Вырос в Одессе. Окончил филологический факультет Одесского университета (1961), работал в местных газетах.
Стихи публиковались в журналах «Новый мир», «Юность», «Звезда», «Огонек», «Радуга» (Киев), «Дерибасовская-Ришельевская», «Артикль» и других изданиях.
Автор 12 книг стихов и 5 книг прозы.
С 1964 по 1975 годы под руководством Михайлика работала литстудия при Дворце студентов (по сути — городская). Среди «её» имён — А.Бейдерман, Б.Владимирский, И.Розов, Я.Топоровский, О.Скибина, А.Цветков, Л.Заславский, Г. Гордон. Позднее — Б.Херсонский, Б.Вайн, В.Зеликовский, Т. Пахомова, М. Малеев, А. Гланц и др. Ответственный секретарь этой студии с 1964 по 1975 годы — Ким Каневский.
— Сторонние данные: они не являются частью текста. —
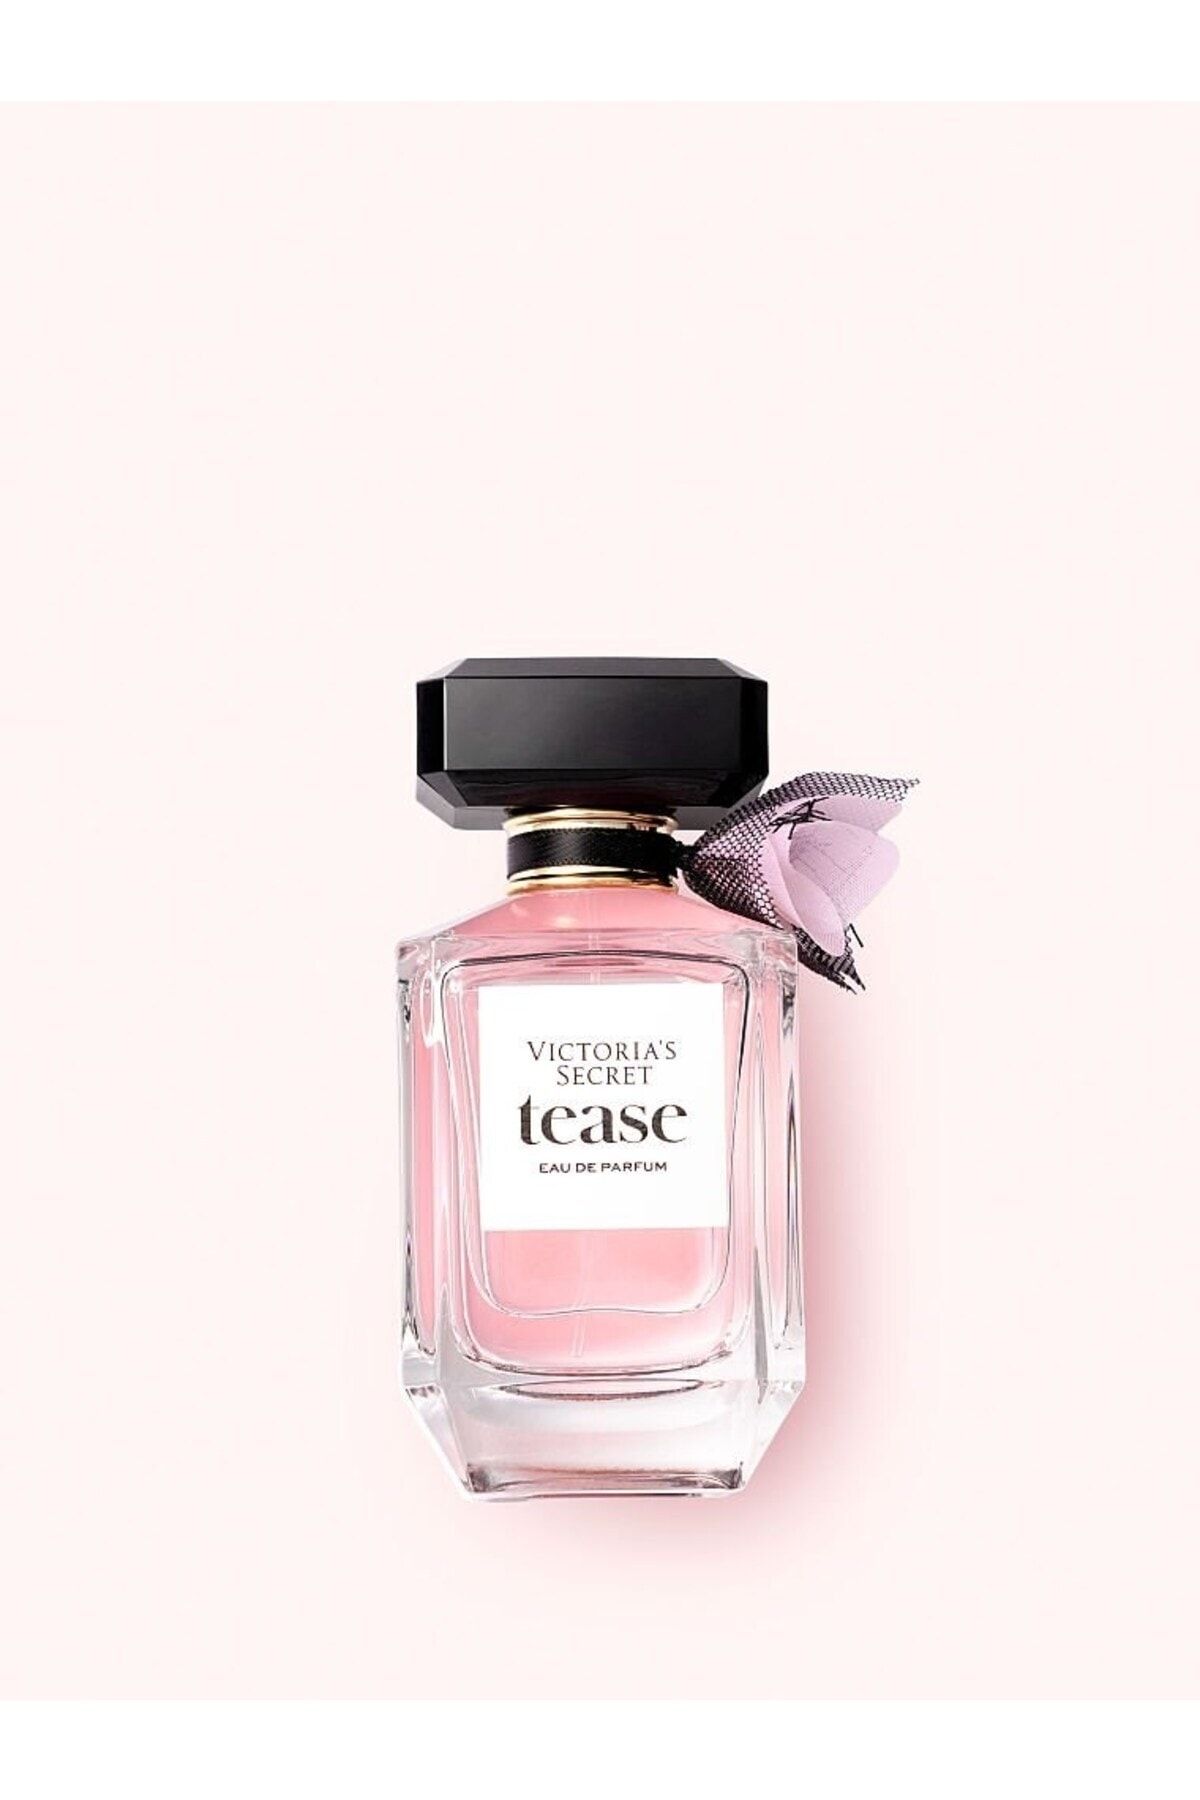 Victoria's Secret Tease Eau De Parfum 100 ml

В 1980-е годы вел литературную студию «Круг», в которую входили неофициальные одесские поэты и прозаики Бальмина, Рита Дмитриевна; Верникова, Белла Львовна; Гланц, Анатолий Франкович; Ильницкая, Ольга Сергеевна; Лукаш, Павел; Мартынова Татьяна; Межурицкий, Петр; Четвертков, Сергей; Ярмолинец, Вадим, Бодылев Валерий, Kaминский Илья, Саша Штрайхер, Галушко Андрей, Юхимов Валерий, Гойхман Сусанна и Феликс, Сон Анна, Томашевский Олег, Дризо Владимир и др. Составитель антологии неофициальной одесской поэзии «Вольный город» (Одесса, 1991) и сборника стихов одесских поэтов «Глаголы настоящего времени» (Киев, 2013). С 1993 года живет в Австралии, в Сиднее.
СТИХИ
Я прислушаюсь, дрогну, пойму---и с ума сойду,
ибо это играет оркестр в городском саду.
Над зеленой, холеной, над стриженою травой
это жизнь моя, кажется, кружится вниз головой.
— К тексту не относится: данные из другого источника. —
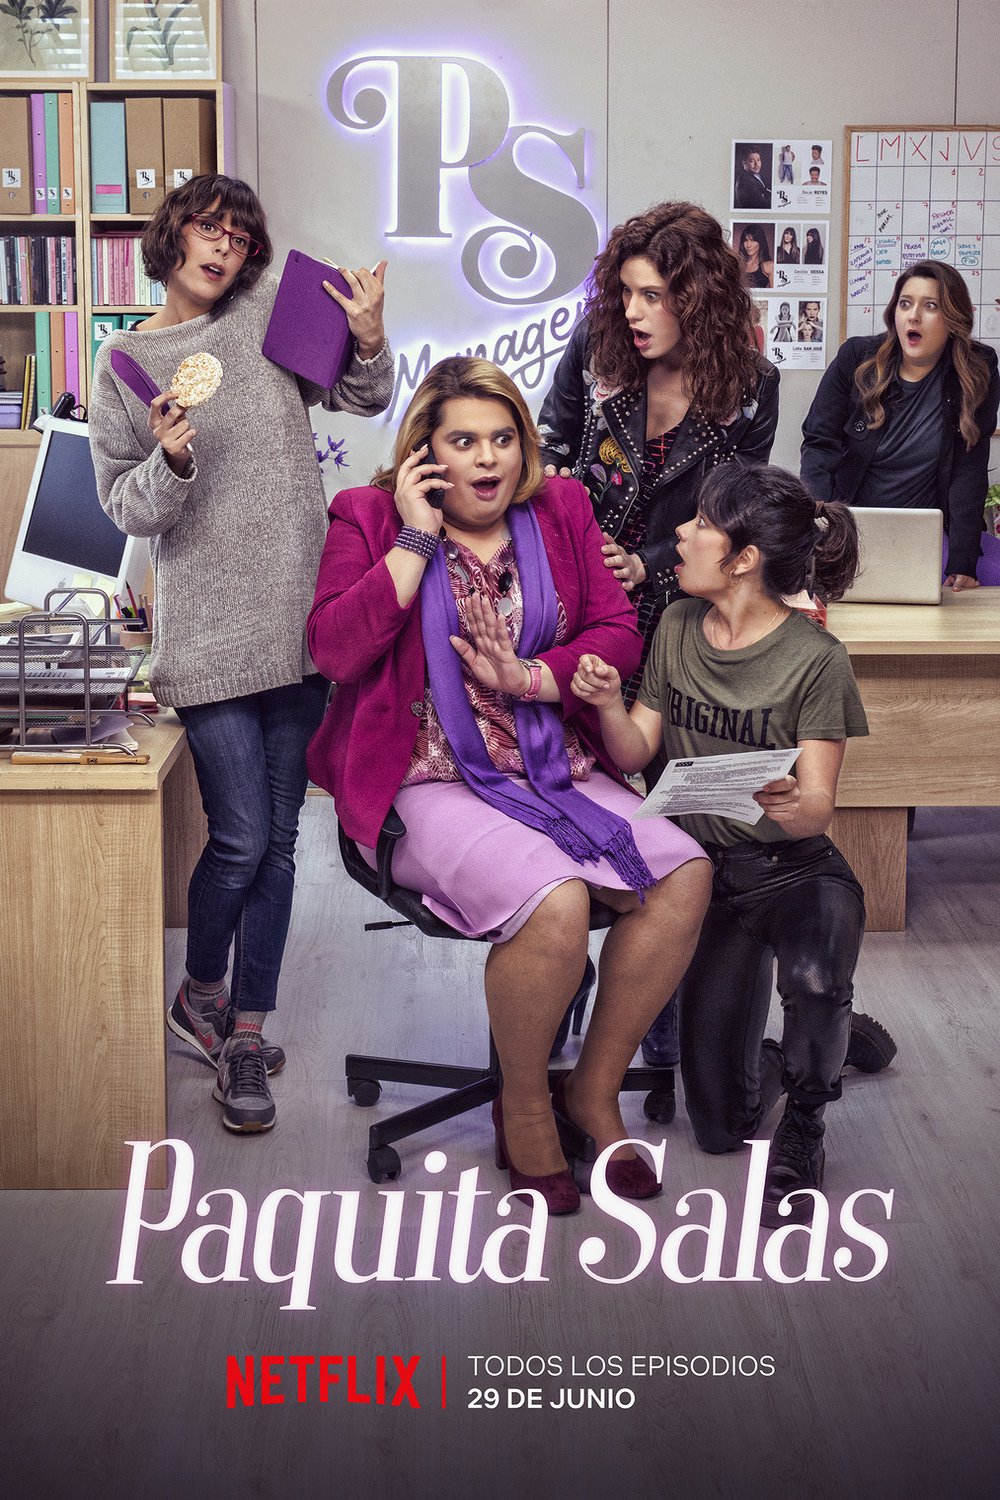 Spanish poster of the movie Paquita Salas

В центре города, в парке, в огнях с четырех сторон,
в черных фраках и в бабочках, будто бы слет ворон,
и послушная палочке кружится на траве
сумасшедшая нищенка с перьями в голове.
Просто музыка в праздничный вечер---и все дела.
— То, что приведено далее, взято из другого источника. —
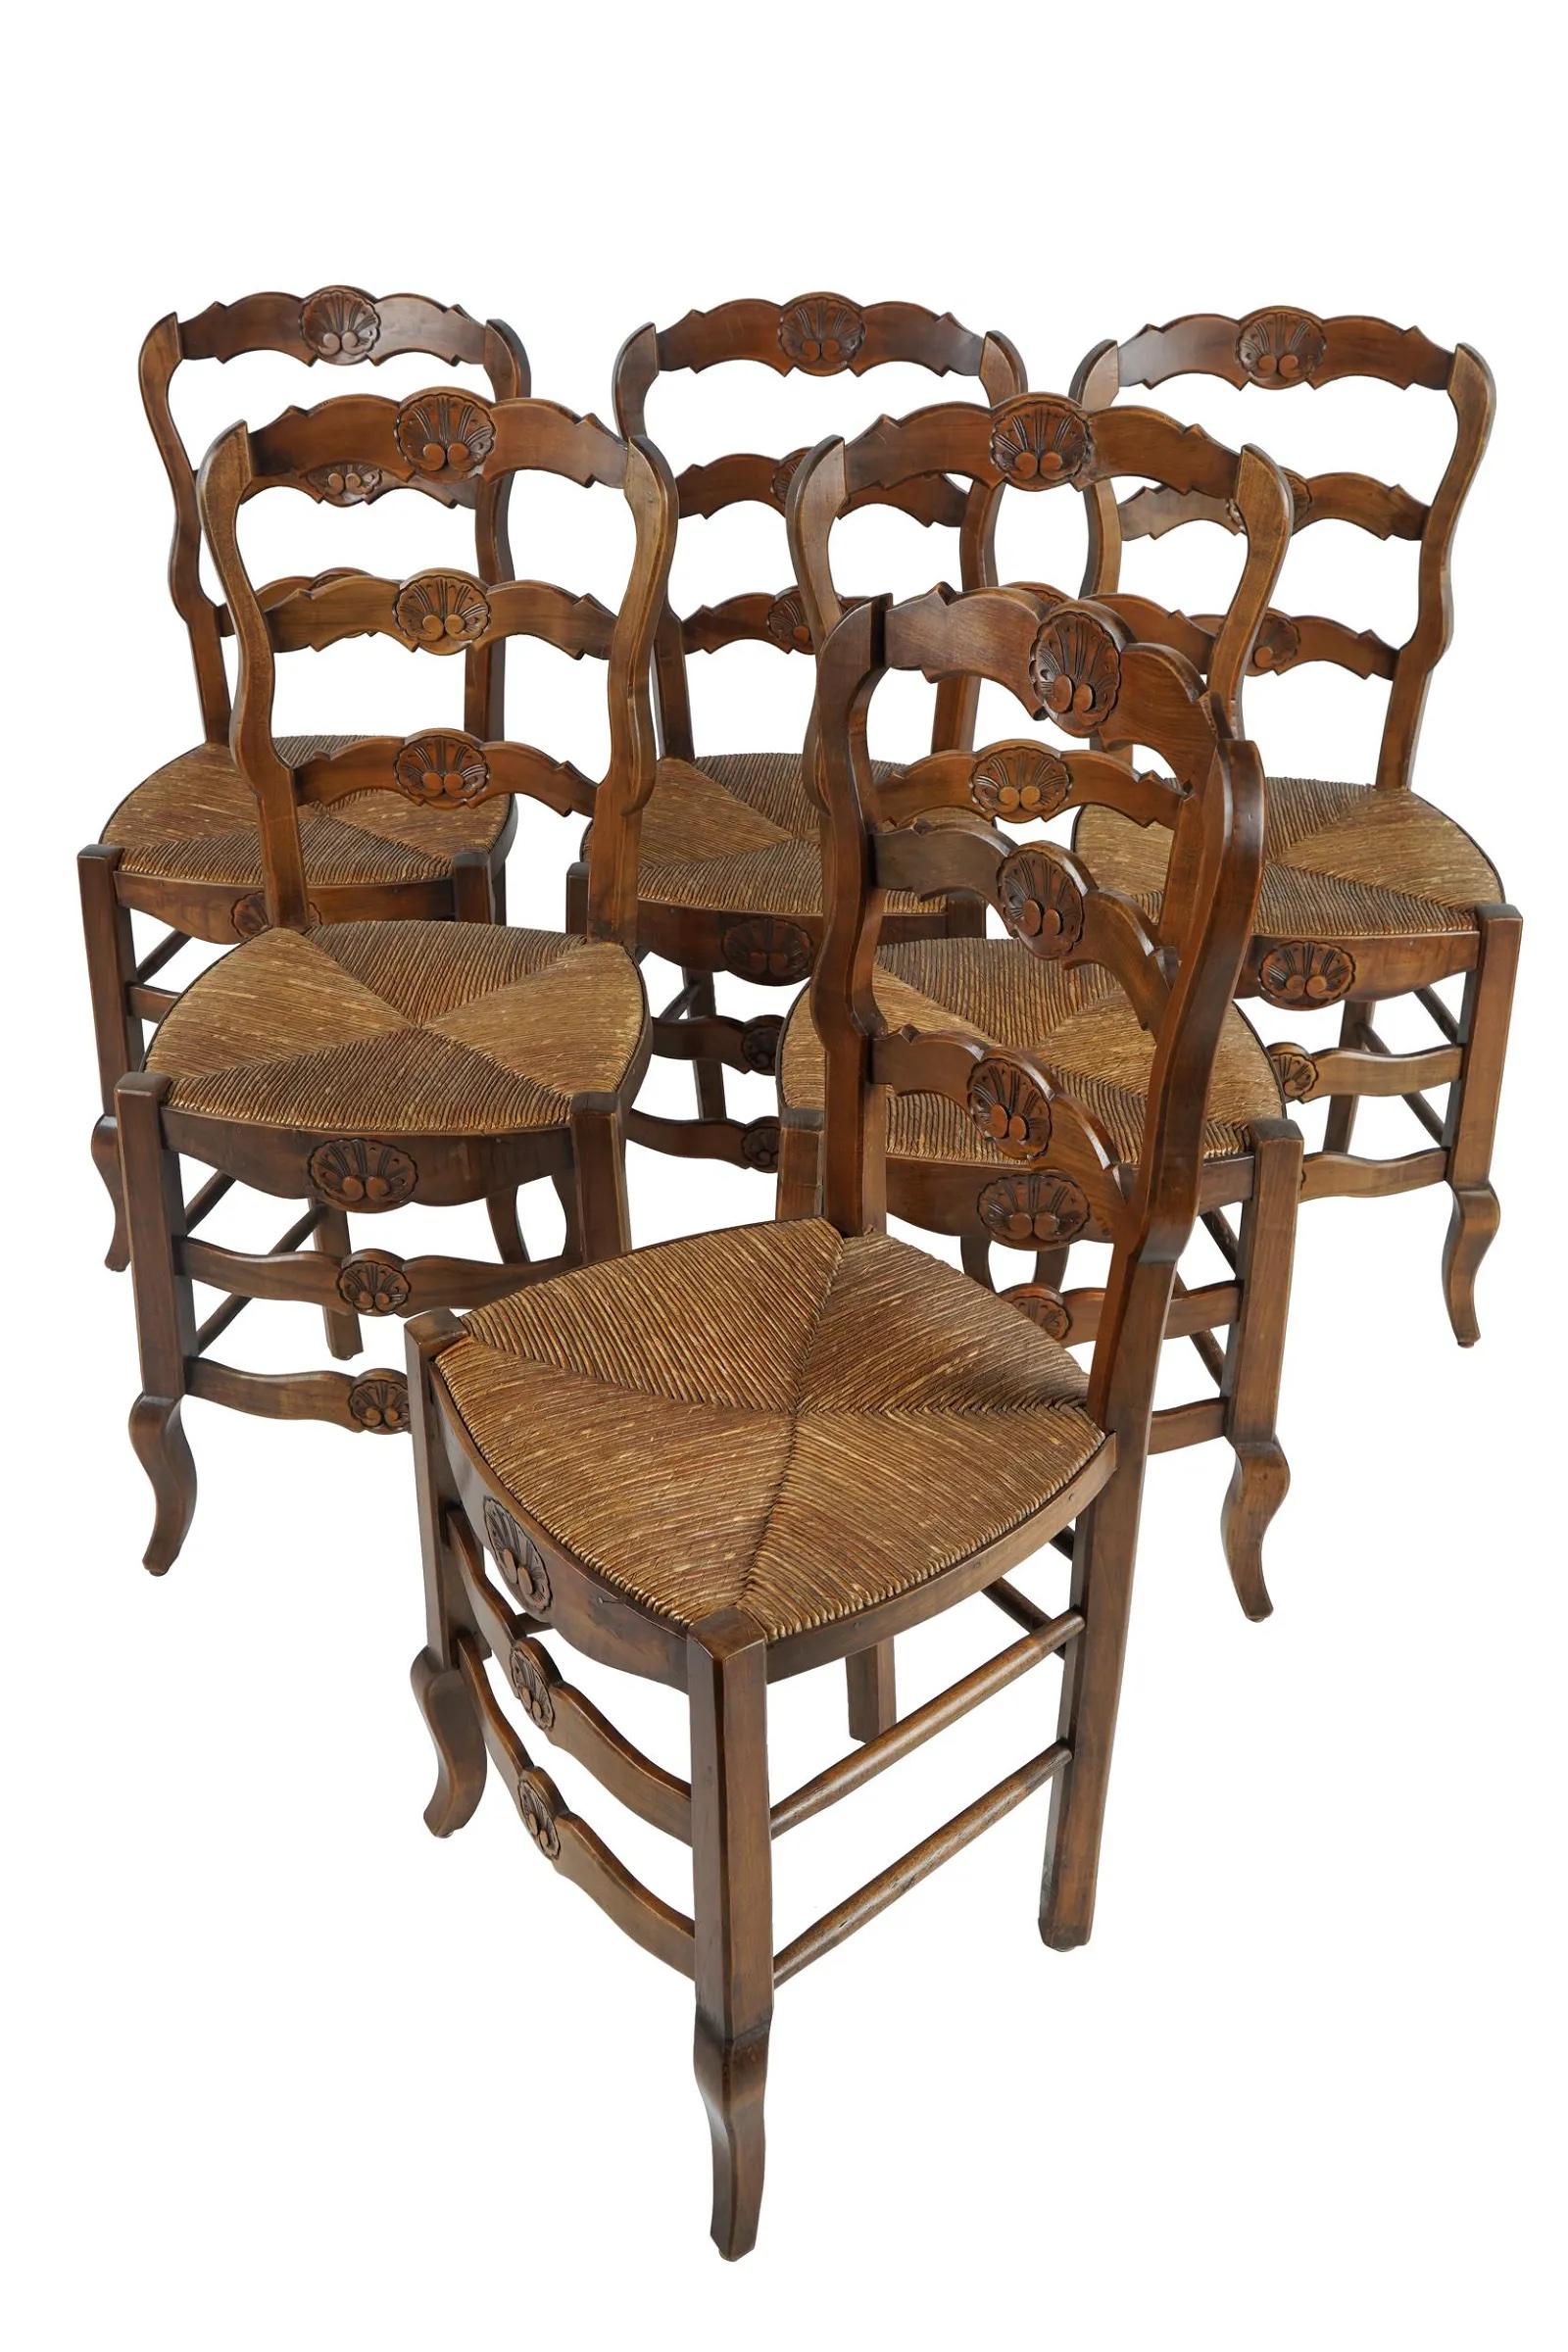 Ensemble de six chaises de salle à manger en hêtre sculpté de style provincial français, avec sièges en jonc tissé à la main, milieu du 19e siècle. Fabriqué en France

Это надо же, господи, все-таки догнала.
Через три континента, над прозеленью морской,
долетела, нашла и качается вниз башкой.
Да какое мне дело? Подумаешь, наплевать!
Это девочка пела, учившая танцевать.
А старуха, приплясывая, видит наискосок
сумасшедшего лысого, плачущего под вальсок.
***
Памяти Булата Окуджавы
Подскакать к огоньку, осадить на скаку,
и небрежные пальцы метнуть к козырьку:
- Неприятель отбит повсеместно.
Есть потери в Тенгинском полку.
Генерал удалой качнет головой:
- Неприятель достался вполне боевой.
А в Тенгинском, дружочек, проверьте,
может кто-то остался живой.
А в Тенгинском полку после трех штыковых
ни души - ни сиятельных, ни столбовых -
все рядами легли, рядовые,
как живые, как будто впервые.
По полям соберут и отточат штыки.
Призовут молодых и пополнят полки.
А в Тенгинском полку пополненье -
может, двое на все поколенье.
Прискакать, доложить - чтоб у всех отлегло -
нет такого полка, да и быть не могло.
А которых, увы, не бывает
прежде прочих, увы, убивает.
***
В Сиднейском порту
с туристами на борту
"Федор Достоевский" поправлял такелаж,
пытаясь который год
как писатель и пароход
заработать немного денег и вписаться в пейзаж.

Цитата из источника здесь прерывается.